§ TASK REQUIREMENTS
Exact transcription of the data below is required, without the images.

§ DATASET EXTRACT
= Beginning of Section =

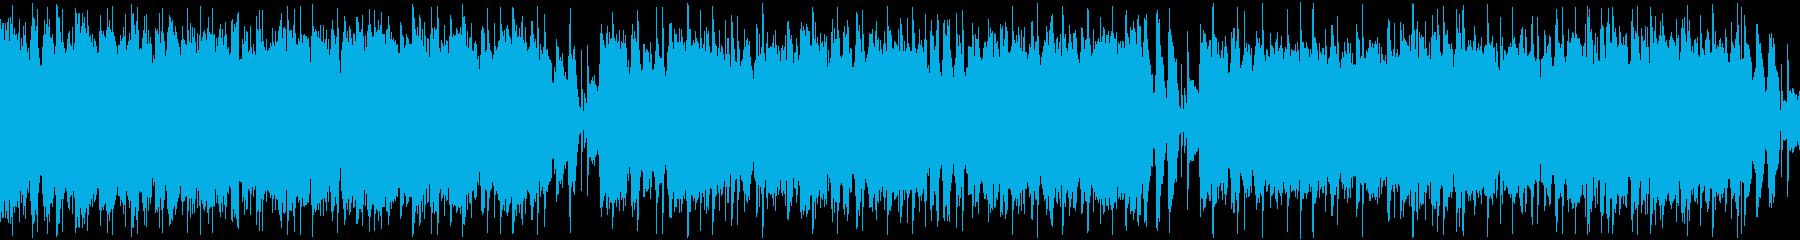 【ループBGM】ブルースロックで踊ろう!の再生済みの波形
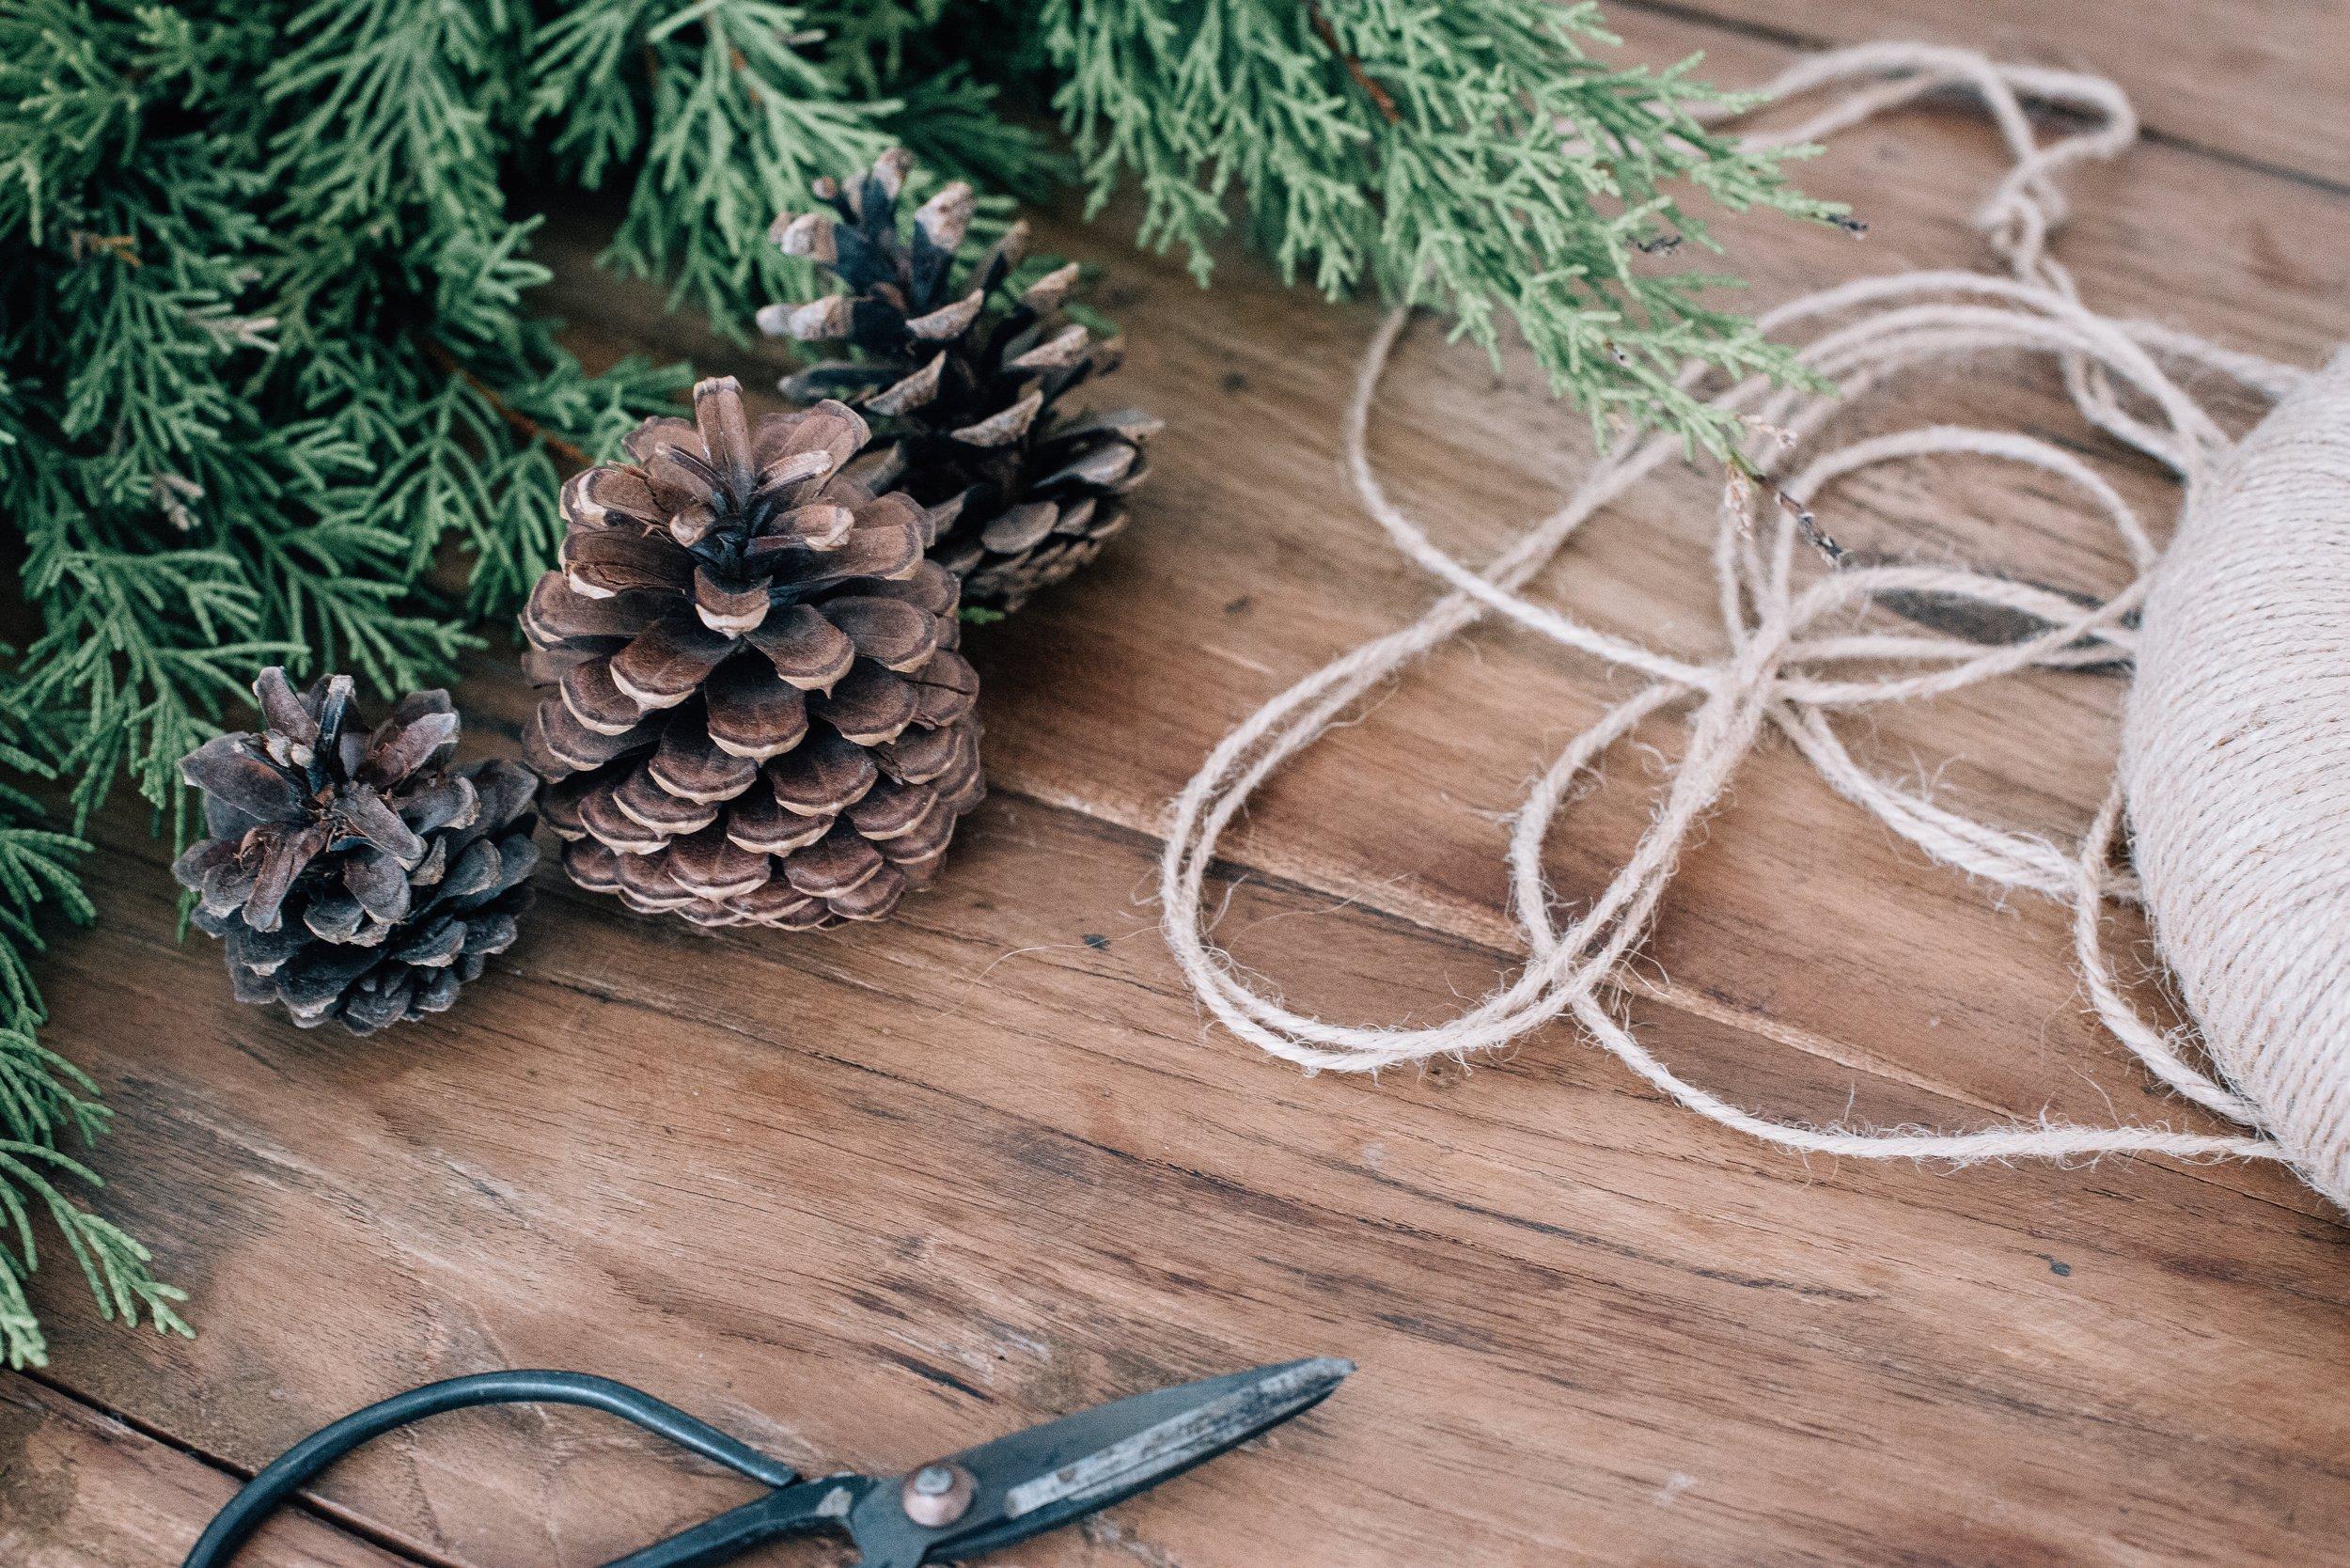 *zimtstern*_xmas specialsamstags 13.00 - 15.00 - was hat architektur mit weihnachten zu tun? auf den ersten blick nicht sehr viel - doch wir kreieren gemeinsam baumschmuck und geschenke, die das gegenteil beweisen. während es draussen langsam kälter und ungemütlicher wird - duftet es in unserem werkraum nach weihnachtsguetsli, bei musik und wintergeschichten basteln wir einzigartige geschenke für unsere familie, unsere freund*innen und für uns selbst!* * *termine: 2.11./9.11./16.11./23.11./ 30.11./ 7.12./14.12.chf 380inklusive material, snacks&drinks, musik, filme und geschichten…
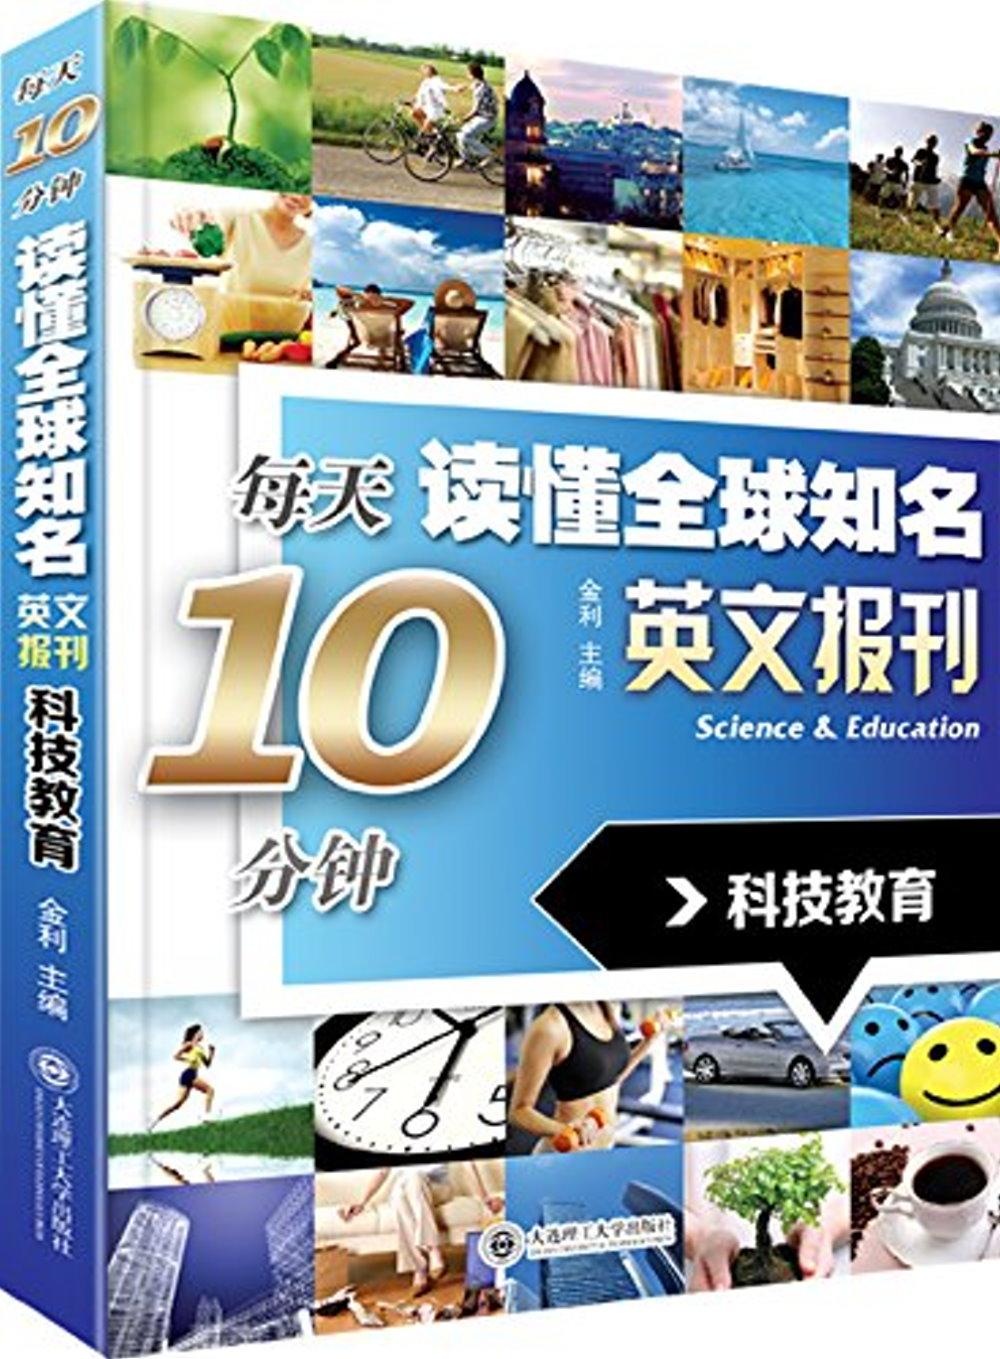 每天10分鍾讀懂 知名英文報刊:科技教育

= End of Section =

§ SOLUTION FOR THIS TASK
 【ループBGM】ブルースロックで踊ろう!の再生済みの波形
 *zimtstern*_xmas specialsamstags 13.00 - 15.00 - was hat architektur mit weihnachten zu tun? auf den ersten blick nicht sehr viel - doch wir kreieren gemeinsam baumschmuck und geschenke, die das gegenteil beweisen. während es draussen langsam kälter und ungemütlicher wird - duftet es in unserem werkraum nach weihnachtsguetsli, bei musik und wintergeschichten basteln wir einzigartige geschenke für unsere familie, unsere freund*innen und für uns selbst!* * *termine: 2.11./9.11./16.11./23.11./ 30.11./ 7.12./14.12.chf 380inklusive material, snacks&drinks, musik, filme und geschichten…
 每天10分鍾讀懂 知名英文報刊:科技教育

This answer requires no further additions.